Have a multimeter,now what—
Fool around with it. Try some of these:
Shuffle your feet across a carpet, touch something grounded, get a little zap.
Set the meter on Voltage (DC), do it again, hold one lead and touch the other to the grounded item, see how charged up you are. (If you see 10,000 volts, remember it’s static electricity–if it was 10,000 volts AC or DC, the current would be deadly.)
Set the meter on current, do it again, hold one lead, ground the other, and watch the momentary reading of current. Didn’t take any time for your static charge to drain off, did it?
Check a power outlet for voltage. An outlet has a charged lead, a return lead, and many have a neutral. Set the meter for AC and test between each combination of two. Is it 110 V or somewhat different? Which is the hot lead? It’s supposed to be at the smaller slot.
Note your meter leads can be handled so they don’t touch each other while testing the outlet. If they do you get a short which will blow the fuse, heat the leads, and may do other damage. Avoiding this is not just a matter of controlling your hands, you may need to take environment into account, ie your younger brother may bump you at the wrong moment, so you don’t give him the opportunity.
Use the DC to check batteries. Does a freshly dead battery have voltage? Does it supply any current worth mentioning? It may supply enough to give heat. I wouldn’t try the current test on a good battery, since basically you’d short it out and there would be too much heat.

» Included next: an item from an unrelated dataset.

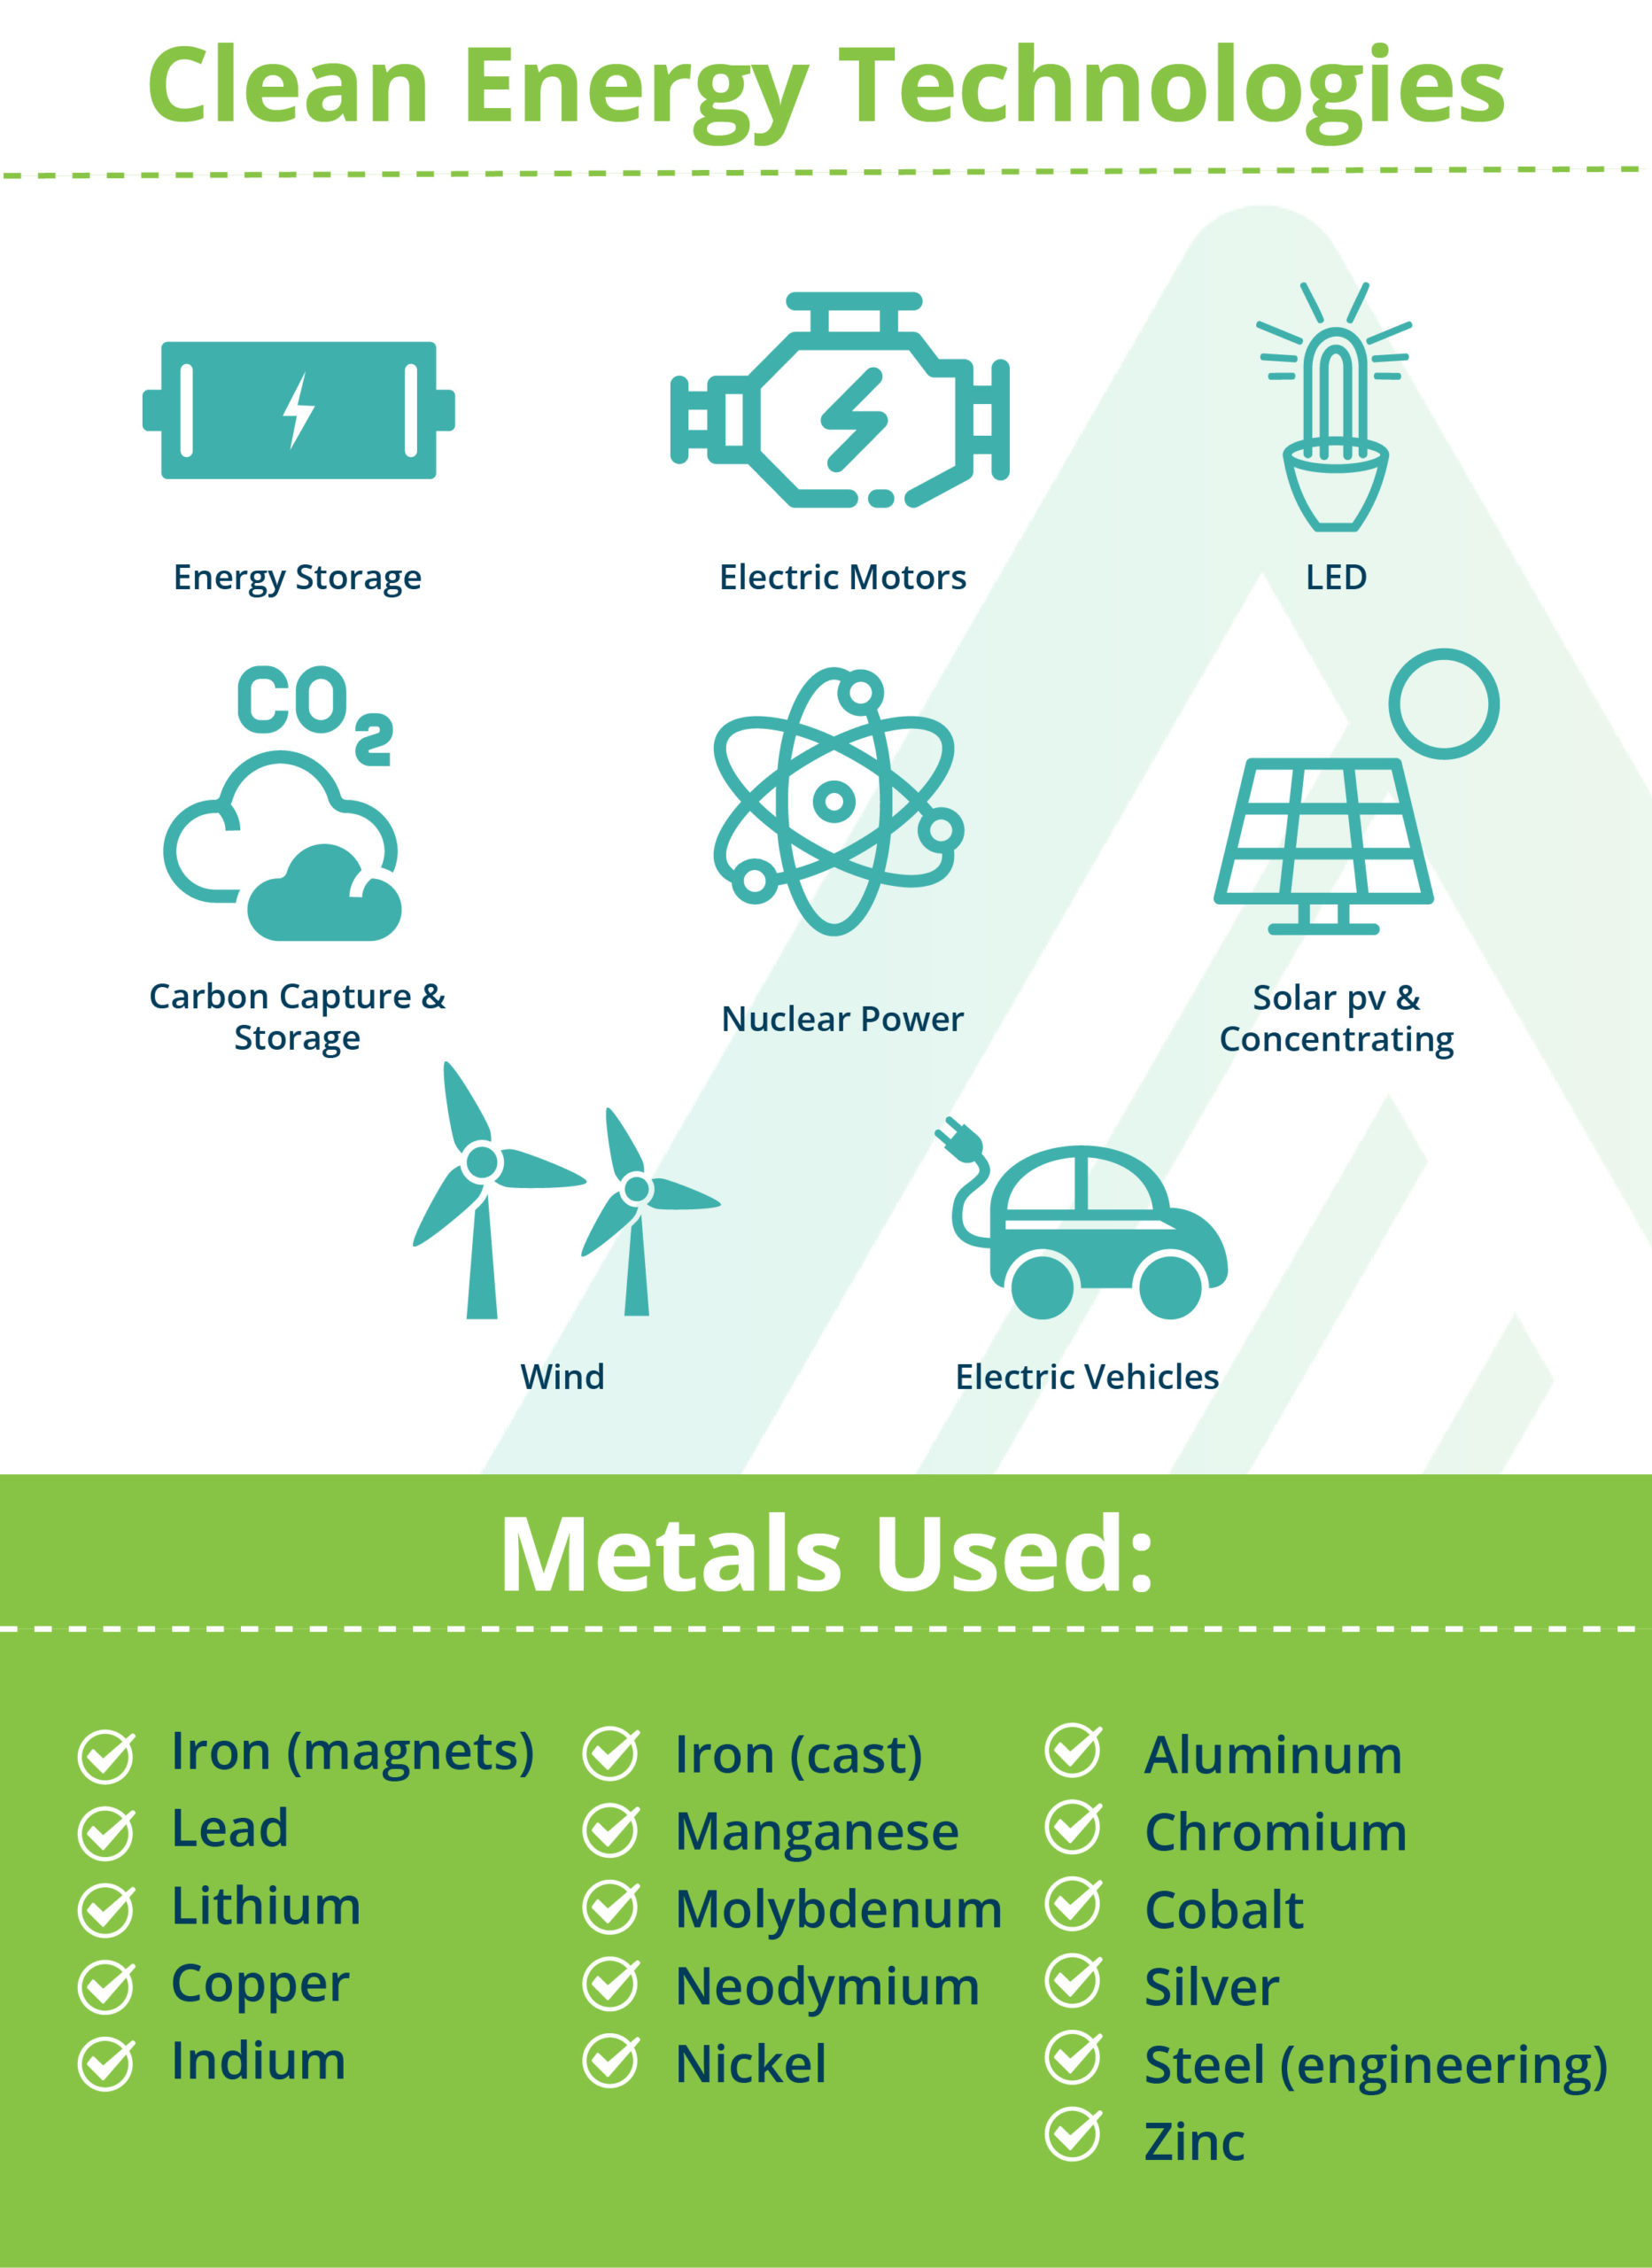 Clean energy technologies and metals used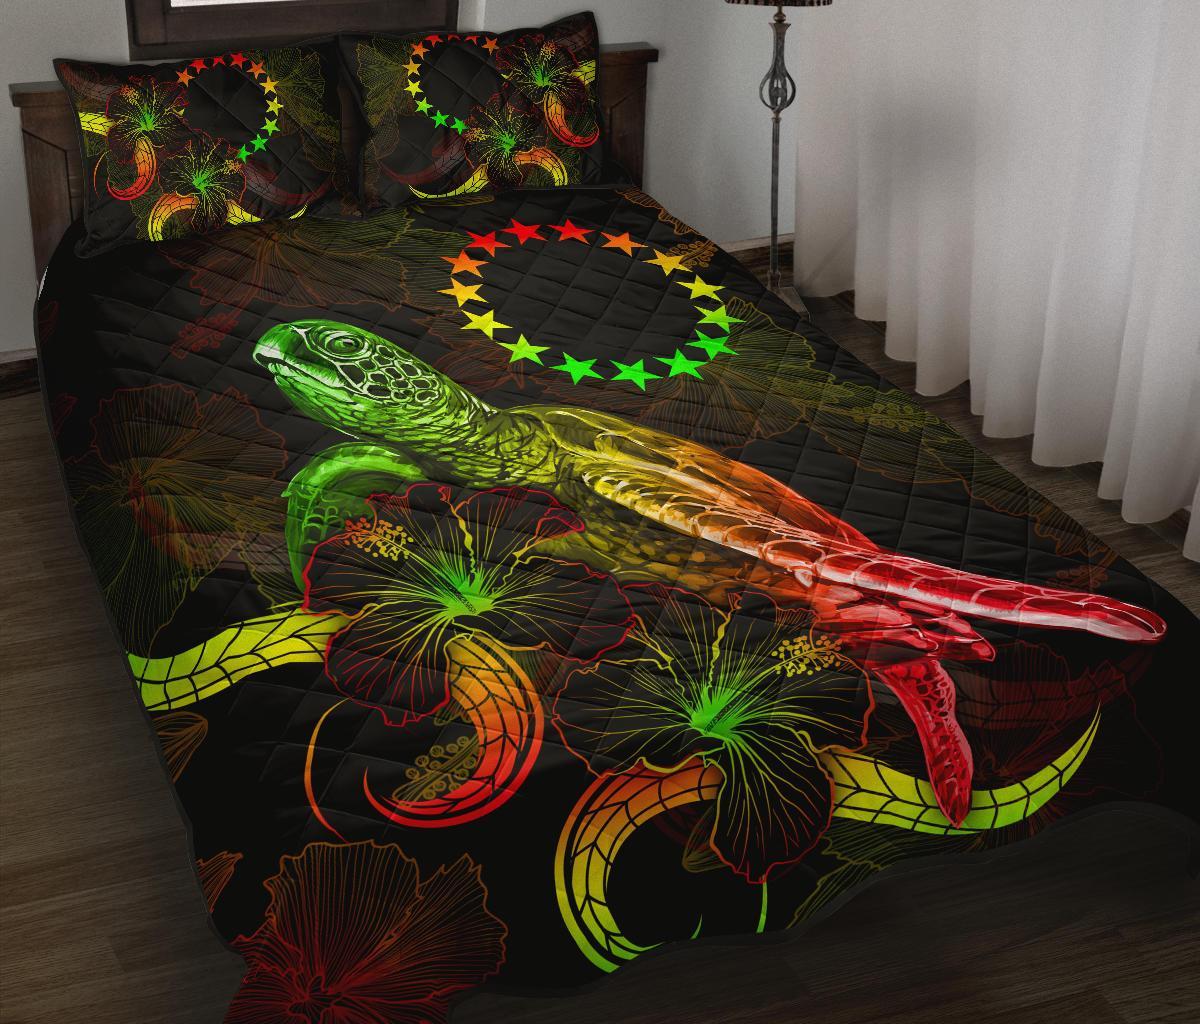 Cook Islands of Micronesia Polynesian Quilt Bed Set - Turtle With Blooming Hibiscus Reggae Art - Polynesian Pride

Set it to ohms and see how much resistance there is in metal, cantaloupe, etc. See how much resistance there is in one inch of dry skin vs. one inch of sweaty skin. You have just invented the lie detector. Try tap water vs. water with salt in it (the salt dissolves into ions with charges, so current can pass using the ions).
See what you see. And if it’s the least bit interesting, get a book or a mentor and learn the fundamentals.